1. Write performance drop

  • Investigate eMMC (JEDEC version 4.4) "trim" support in Linux kernel and ARM SoC. Trim support is available in v2.6.36 for SD/MMC/EMMC, Fill out implementation and fix bugs as needed.
  • Ext4 utilize trim operations to improve performance. Use benchmark tests from benchmarks to test how big affect TRIM has on performance.

  • Add support for background operation (JEDEC version 4.41) in the mmc framework and filesystems.
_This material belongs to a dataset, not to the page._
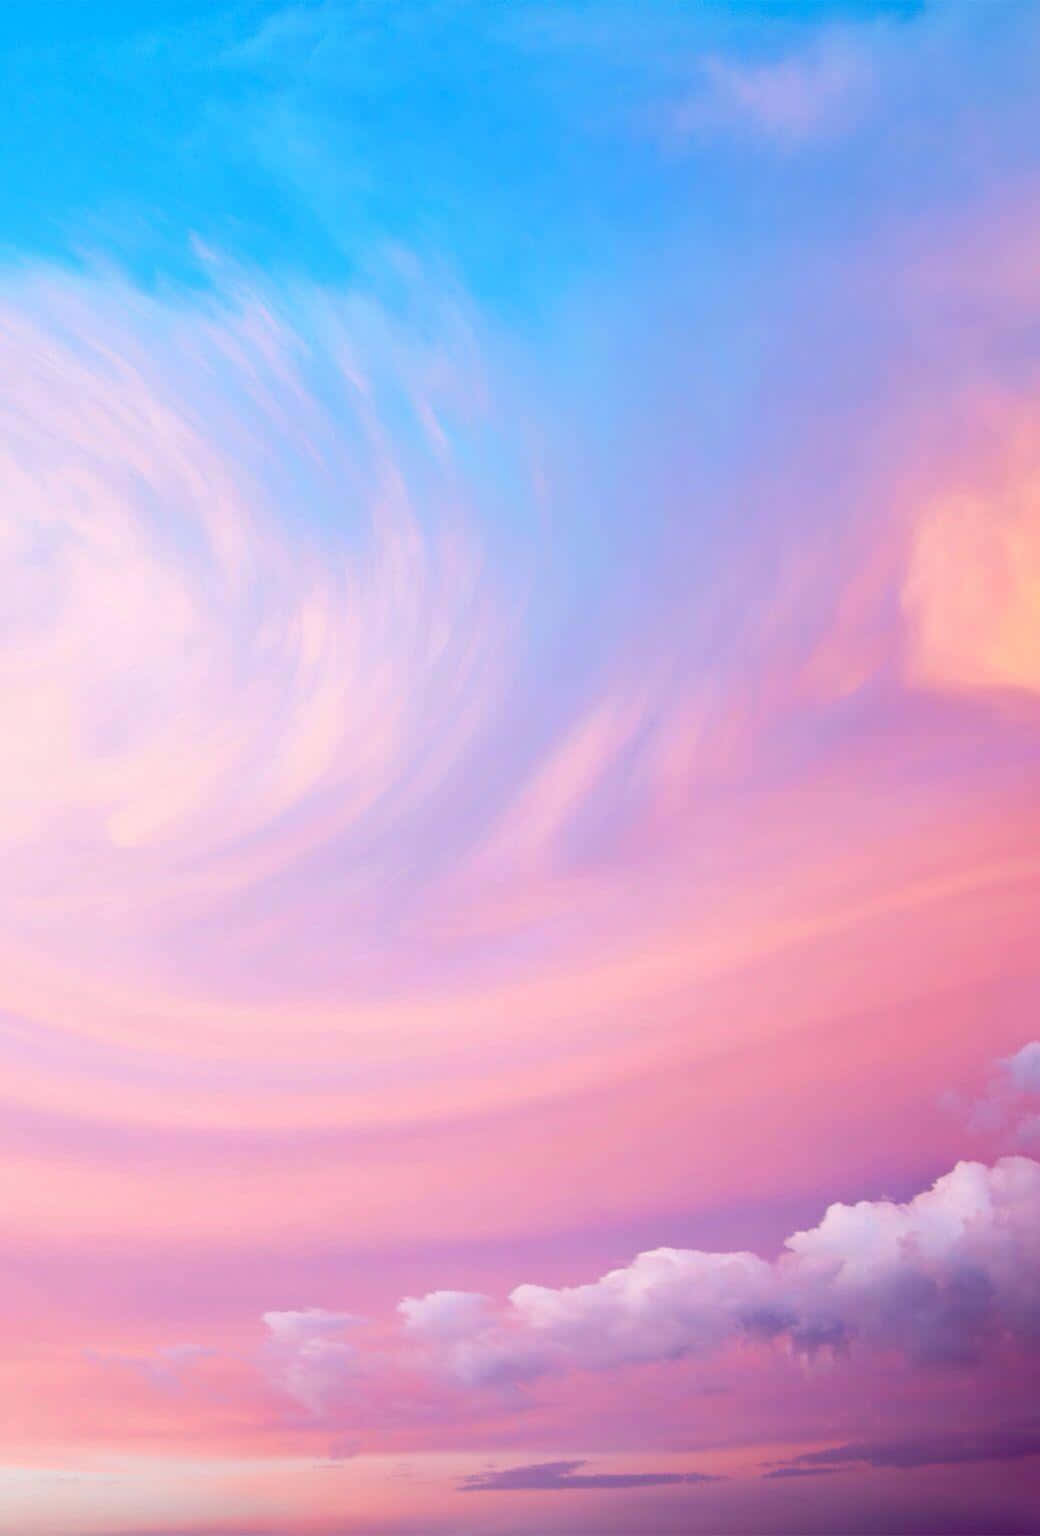 Download Beautiful Pink Sky at Sunset Wallpaper | Wallpapers.com

In the best cases all maintenance operations such as trim and erase should run in the background while the card is idle.

2. double buffer for DMA

Improve MMC framework start/prepare job latency. (applicable for SD performance as well sd)

  • Investigate what type of MMC request that causes the number of pending request in the block device to increase.
  • The file system adds jobs asynchronously to the block device layer. The MMC framework runs one job at a time. A MMC job consist of two steps, send MMC cmd and request data transfer. The MMC framework waits until the data transfer is complete, then the MMC framework start executing the next job from the queue.
    • Action - minimize latency between job complete and next job started.
    • Would it make any sense to pass multiple commands to the host driver? For SCSI there is something called bi-directional (bidi) request, could this be of interest for MMC as well?

3. Prevent small MMC transfers

Improve MMC framework job scheduling. (applicable for SD performance as well sd)

  • Concatenate consecutive Write:s and Read:s in the block queue and pass down as one job to host driver.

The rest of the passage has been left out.